As shown in Fig. 6, the R2 of fitting result of the trend displacement with Gauss equation is 0.9956. The RMSE is 15.66, MSE is 254.44, and MAE is 13.11. The RMSE, MSE and MAE of periodic displacement prediction based on RF algorithm are 5.44; 29.58 and 3.01, respectively. The RMSE, MSE and MAE of periodic displacement prediction based on SVM algorithm are 8.76; 76.82 and 3.59, respectively. And the RMSE, MSE and MAE of accumulative displacement prediction based on GA-CEEMD-RF method are 17.47; 305.28 and 13.98. And the RMSE, MSE and MAE of accumulative displacement prediction based on GA-CEEMD-SVM model are 19.67; 387.10 and 14.57.

Fig. 6
3 fitted multi-line graphs of displacement value for 3 components from January 2010 to January 2017. The observed and predicted values based on S V M and R F rises in the trend component, fluctuates with peaks and dips in the periodic, and has ascending peaks in the accumulated component.

The fitting result of the trend displacement with Gauss equation; the periodic component prediction result based on RF model and SVM model; the accumulative displacement prediction results of GA-CEEMD-RF model and GA-CEEMD- SVM model (after Li et al. 2021)

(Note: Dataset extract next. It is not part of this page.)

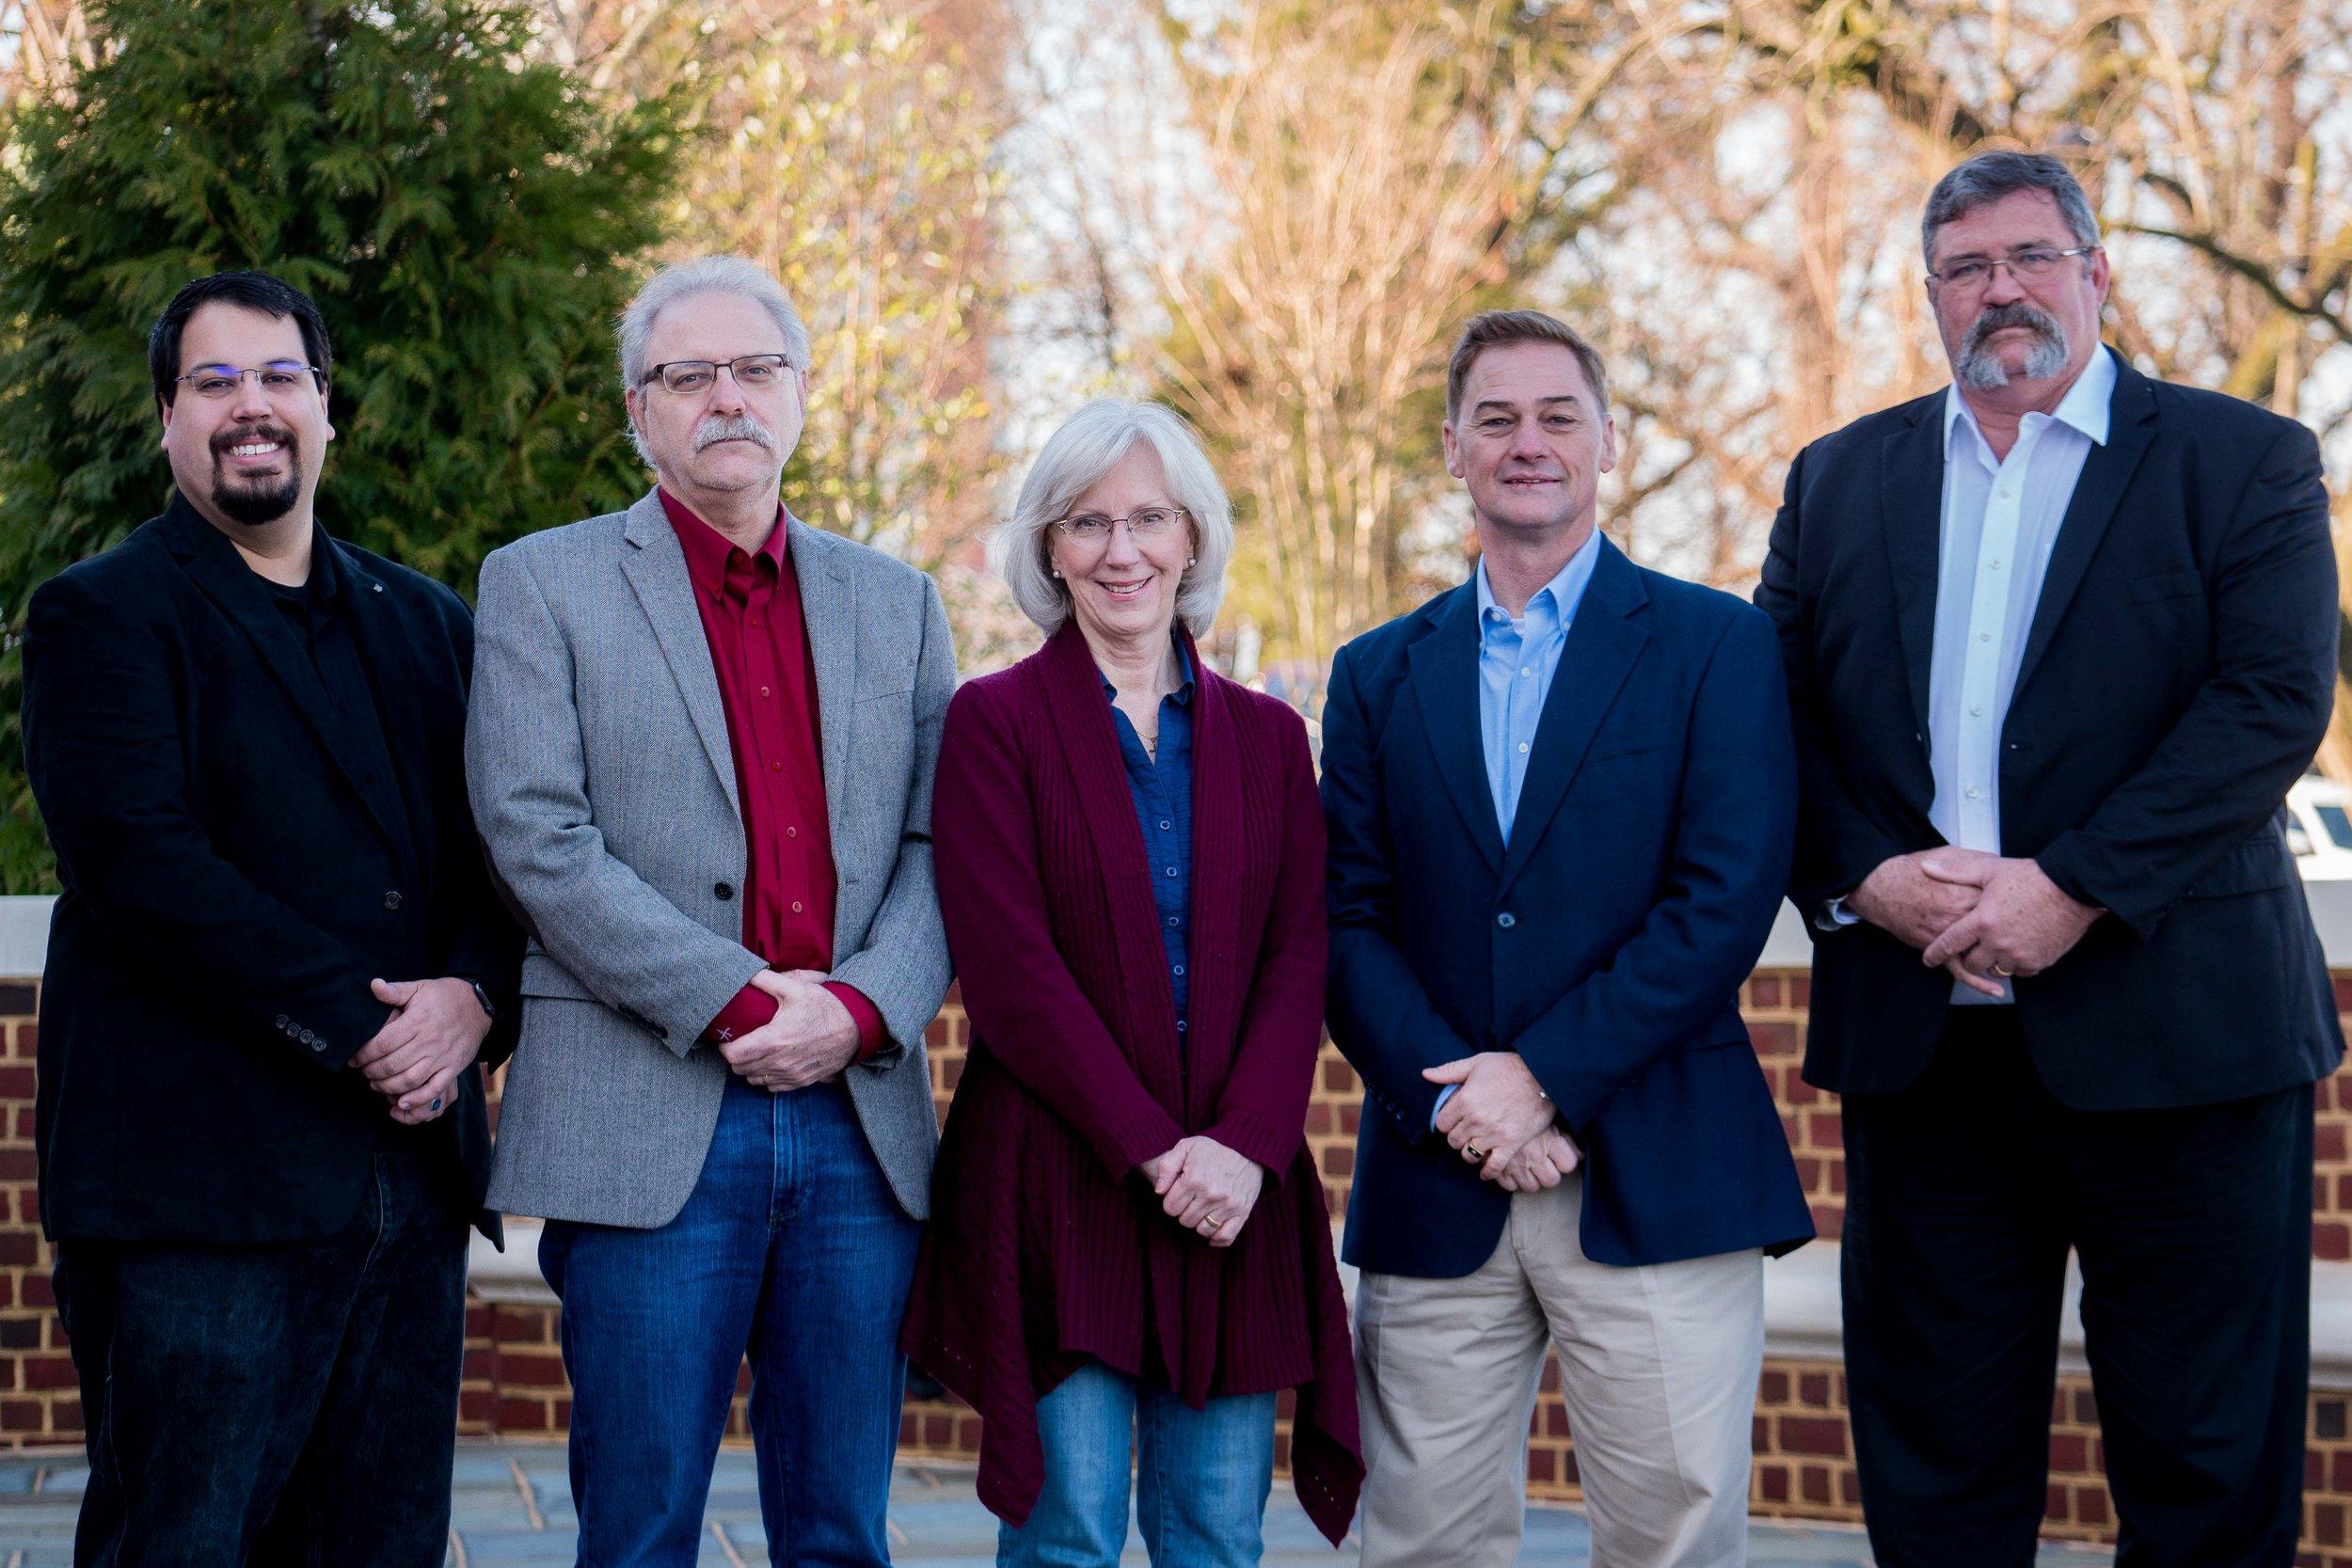 (From Left to Right) Jonathan Giles, Jerry Bogacz, Kathy Bogacz, James Cook & Stephen Parke

As is known to all, the smaller the evaluation value, the better the model performance. Hence, the results comparison shows that both SVM model and RF model perform well on step-like landslide periodic component forecasting, but the GA-CEEMD-RF model possesses better prediction capacity than that of SVM model in general.

4 A Landslide Prediction Model Based on Transfer Learning

4.1 MFTL Model Construction

The monitoring system established in the Zigui basin can only cover the most destructive landslides due to manpower and equipment limitations. In addition, monitoring work interruption will cause data missing. Thus, a landslide of interest may lack training data, but data from other landslides located in neighboring areas or with the same deformation characteristics can potentially be available. According to engineering geological analogy (EGA) method, landslides occurring under the same geological conditions generally have similar deformation characteristics, but vary in size. In such cases, the transfer learning (TL) approach inspired by the EGA method provides a solution, as the knowledge gained from a landslide case with sufficient monitoring data can be applied to other landslides that lack adequate training data (Pan and Yang 2010; Yi and Gianfranco 2010; Weiss et al. 2016). Multi-feature fusion transfer learning (MFTL) method is novelty proposed to transfer the knowledge learned from Baijiabao landslides to Bazimen landslide and Baishuihe landslide for further forecasting.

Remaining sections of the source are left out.